When Senate President Pro Tem Patrick J. Leahy, D-Vt., ruled that Senate Rule 22 requires a three-fifths vote to invoke cloture on nominations, Reid appealed the ruling of the chair. That forced a vote on the question: “Shall the decision of the chair stand as the judgment of the Senate?” The Senate overturned the chair, 48-52.
Minority Leader Mitch McConnell, R-Ky., then raised a point of order that the Senate rule still required a three-fifths vote for cloture. Presiding officer Leahy responded that under “the precedent set by the Senate today … the threshold for cloture on nominations … is now a majority.” McConnell appealed the ruling, but Leahy was sustained by the same 52 senators who previously overruled him.
Although Reid described his ploy as a rule change, Leahy’s characterization of it as a new precedent is more accurate. Reid’s point of order did not amend the standing rule requiring a three-fifths vote for cloture. It instead indirectly put that rule in abeyance for most nominations. According to former Senate Parliamentarian Floyd Riddick’s manual of procedure, if the chair’s decision on a point of order is overruled on appeal, the “decision of the Senate becomes a precedent for the Senate to follow in its future procedure until altered or reversed by a subsequent decision of the chair or by a vote of the Senate.”

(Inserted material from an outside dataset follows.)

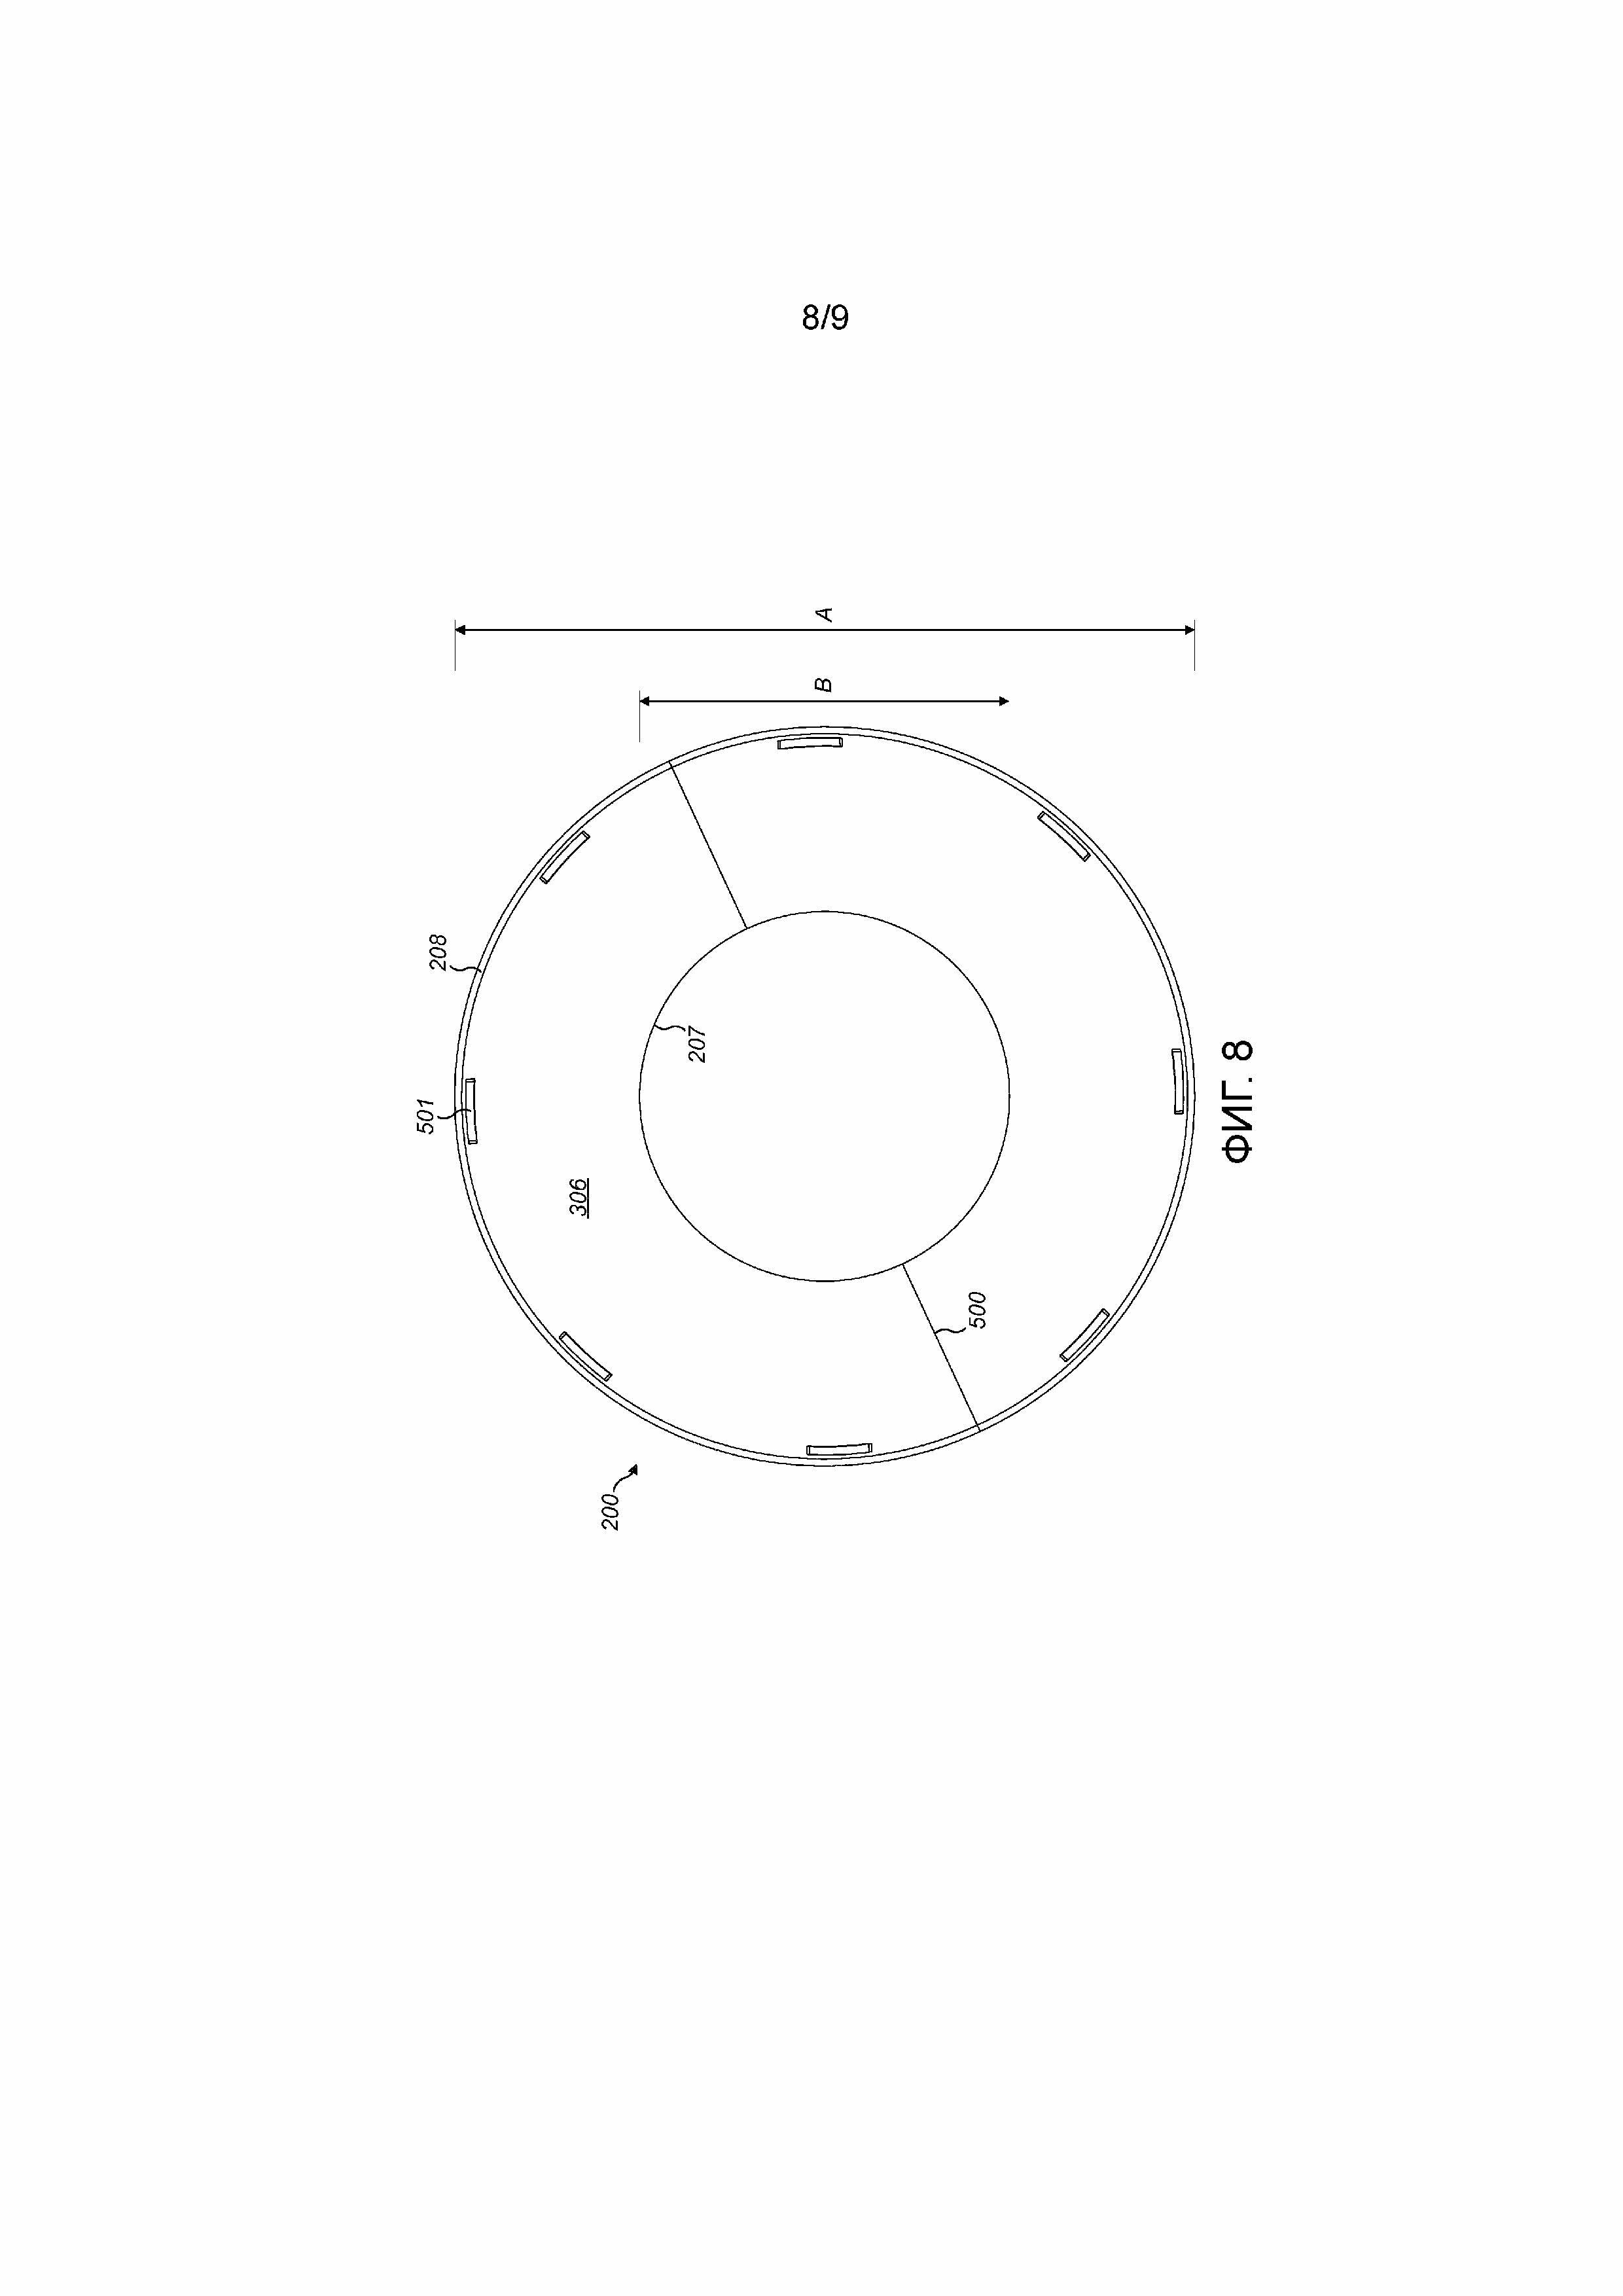 Гибкий воронкообразный элемент для направляющего рукава для материала
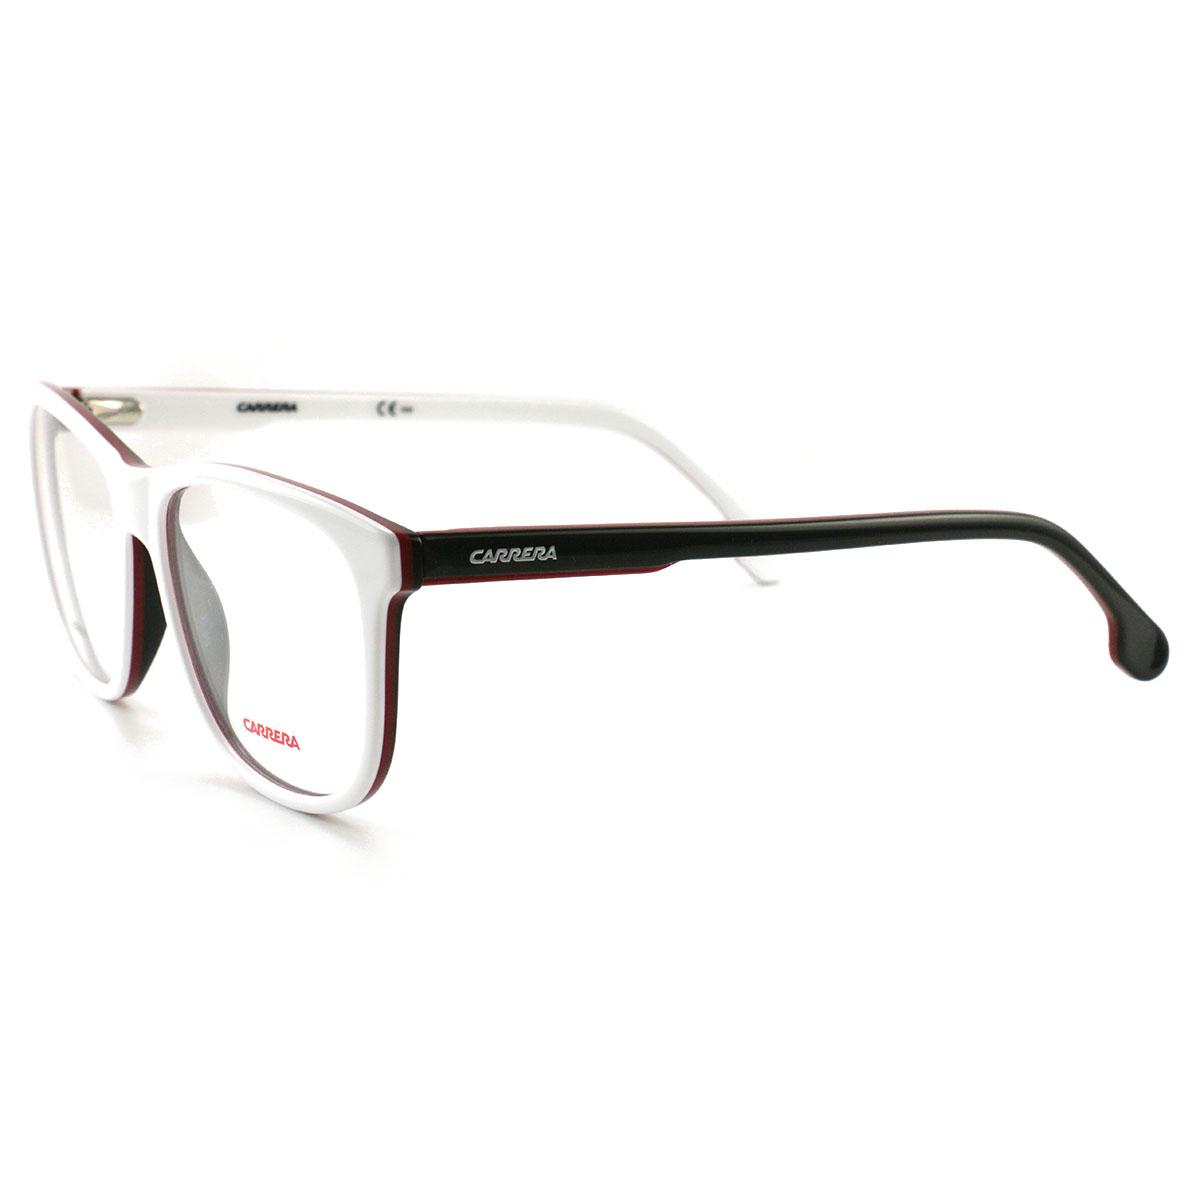 67d73472c2 Carrera Women s Eyeglasses CA1105V VK6 White 53 17 145 Demo Lens ...

Reed’s rules earned him the nickname “Czar Speaker” by Democrats, a sobriquet that carried forward to one of his successors, Speaker Joe Cannon, R-Ill. Ironically, the reign of Czar Speaker ended when a small group of progressive Republicans joined with Democrats in 1910 to offer a rule change on the floor to remove Cannon as chairman and a member of the Rules Committee. The insurgents claimed their motion was privileged under the Constitution’s clause that gives each house authority to determine the rules of its proceedings — what some today call “the constitutional option.”
Cannon, citing a ruling by a previous Democratic speaker, held that the motion was not privileged under the Constitution and that only the Rules Committee can originate rules changes. However, his decision was appealed and he lost. Time’s pendulum is a two-edged scythe.